Awareness is implicit in thinking and representing.  Some biological systems have consciousness but, as Franz Brentano pointed out, so far, inanimate machines do not, because they do not have intentions.

But what is the nature of consciousness?  How is it made by brains?  How might it be made to operate in artificial intelligence brains to bring about changes in the machine parts and in the behaviour of the entire system? 

There is a great deal of debate within the cognitive science community concerning precisely these issues.  Consciousness is a great mystery.  The problems are intractable because, in a field of cognitive science, meaning is defined by relation between symbols, as in syntactical definitions of words by other words and pictures in dictionaries.  But in reality, references to the world are not defined within a dictionary or a computer.

Pragmatist View:

The third view of mind is pragmatism.  Pragmatists think that minds are dynamic structures that result from actions into the world. 

In 1272, Aquinas introduced Aristotle to Western Europeans (particularly in his Treatise on Man), and to Aristotle's doctrine of active perception, according to which the organism learns about the world and realises its potential by its action on the world.  He further proposed that each animal is a unified being enclosed within the boundary that distinguishes "self" from "other", and that the self uses the body to push its boundary outwards into the world. 

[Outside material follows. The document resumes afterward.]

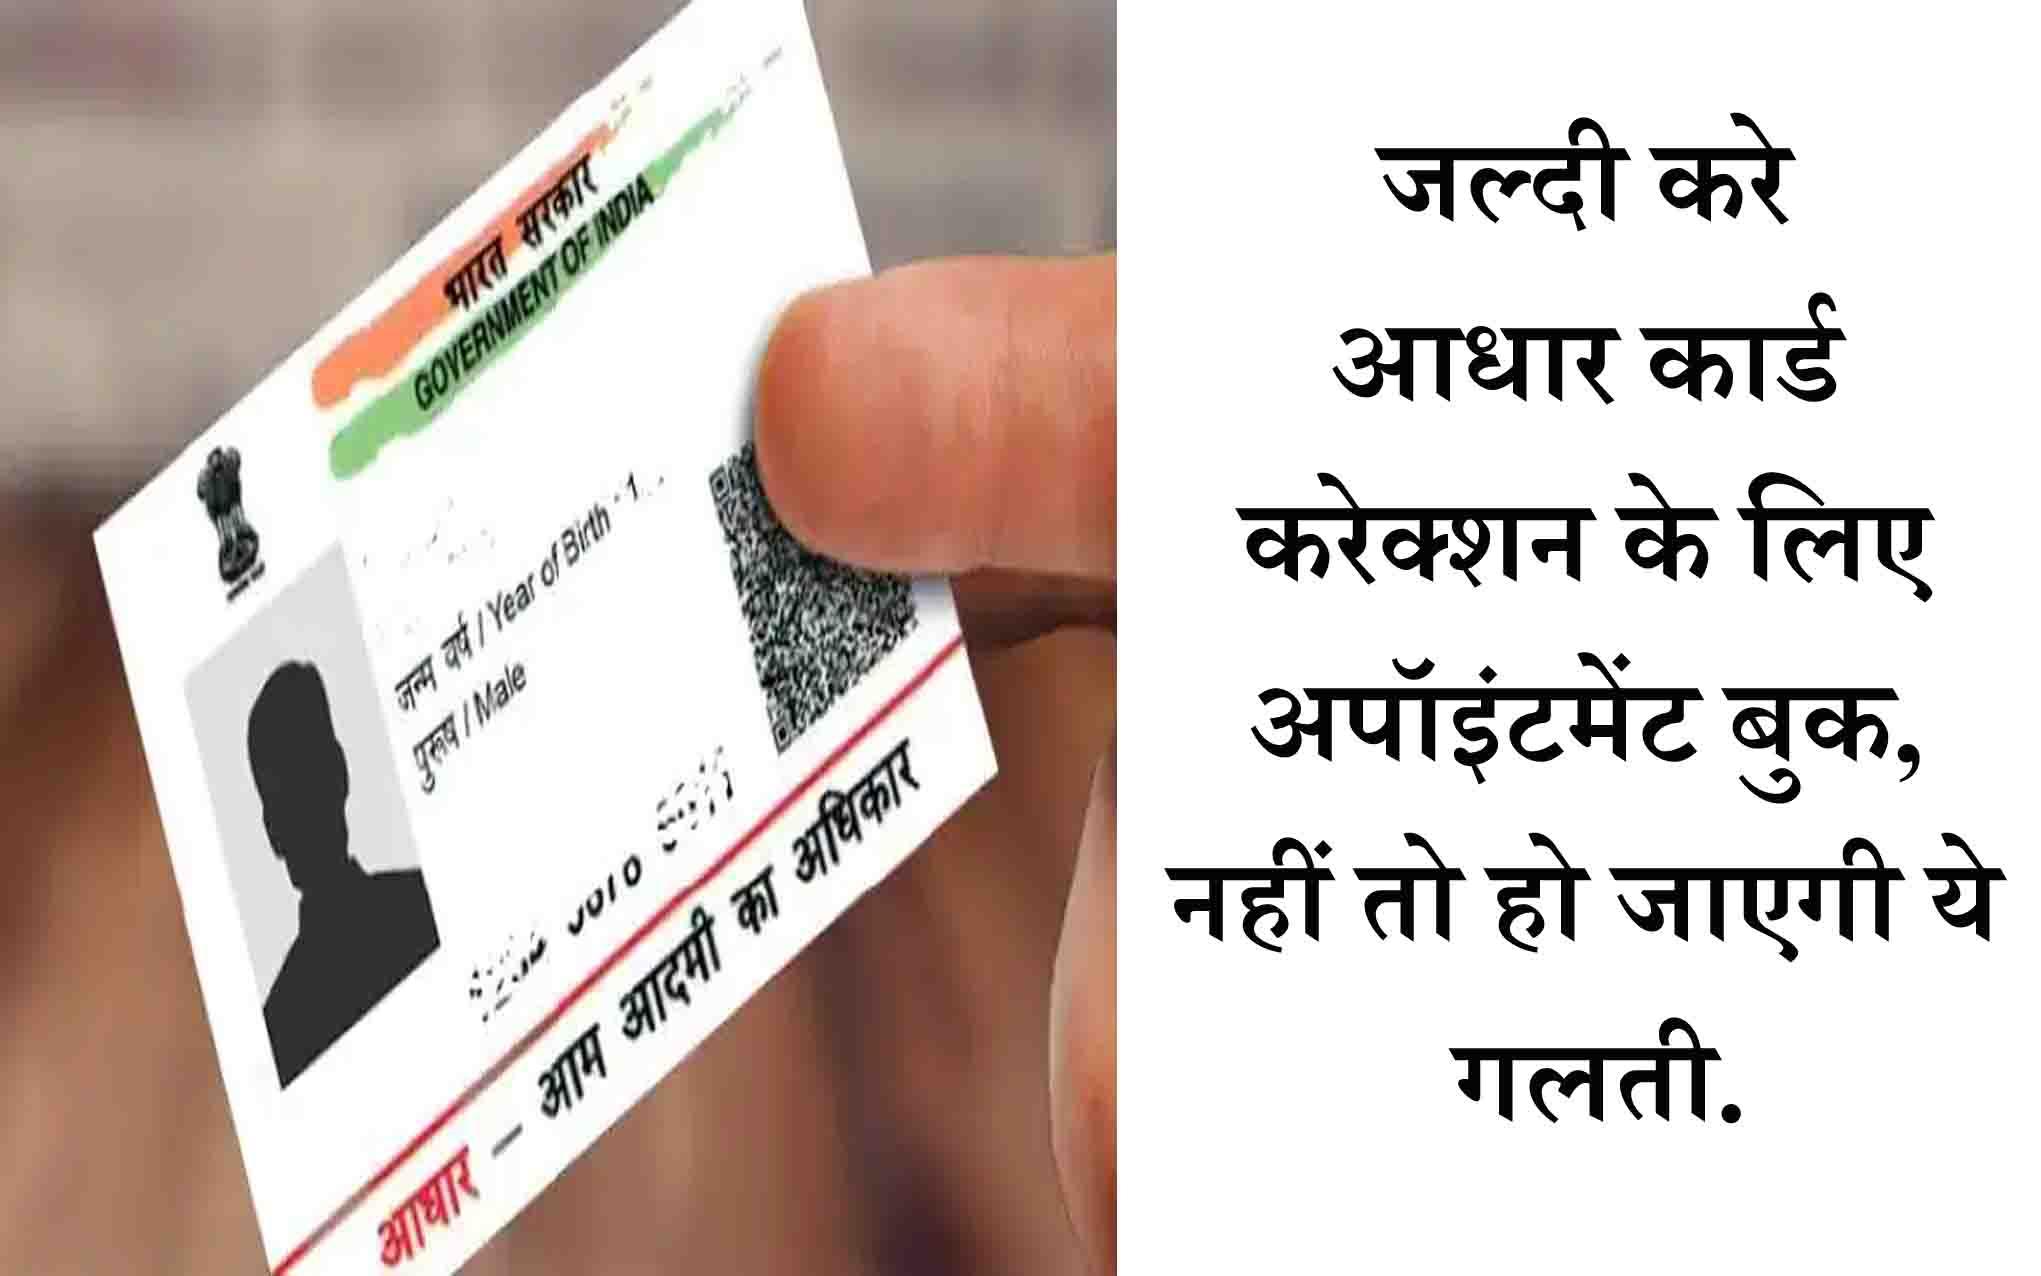 aadhar card correction ke liye appointment book kaise kare

Etymologically the word "intend" comes from the Latin word "intendere", which means not only to stretch forth, but equally importantly to change the self by experiencing action and learning from the consequences of acting.

Actions of the body exit by the motor systems, changing the world and changing the relation of the self to the world.  The sensory consequences of the action then enable the body to change itself in accordance with the nature of the world.  However, the perception is only of the altered contours of the self as experienced inside. 

No forms are pushed through or across the boundary.  The key word Aquinas used is "assimilation" (adeaquatio means towards, but not at, equality).  The body does not absorb stimuli, but changes its own form to become similar to aspects of stimuli that are relevant to the intent that emerged from within the brain. 

Forms are created inside the self through achieving similitude.  The meanings of the objects then grow in accordance with what to have done to them and what you intend to do next, perhaps to taste, drink or offer a cup to someone else.  Other people can watch what you do and learning by imitation, so their meanings are similar to yours but are home-grown, not transplanted.

Pragmatism has repeatedly failed to take centre stage in the neural and cognitive sciences because it poses a major problem.  If minds are actions into the world, how are these actions generated?

According to both the materialist and cognitivist views, an action is ultimately determined by the form of a stimulus.  The laboratory rat can be trained to sit inertly until it is provoked.  A computer terminal waits for instructions from the user before it acts.  But wild animals and children don't wait. They are continually engaging the environment, seeking stimuli with their own expectations and designs.

Where in brains do endogenous actions of search and observing come from?  How to brains generate them? 

Materialists and idealists for centuries, even for millennia, have appealed to myths of external powers that drive us, such as the sun, moonbeams, the Big Bang, universal databanks, icons, totems, possessive demons, the world of energy that Chinese physicians call qi, and the connections to the spirit world by trees planted in sacred places, now transmogrified into nerve energy and the power of charismatic preachers.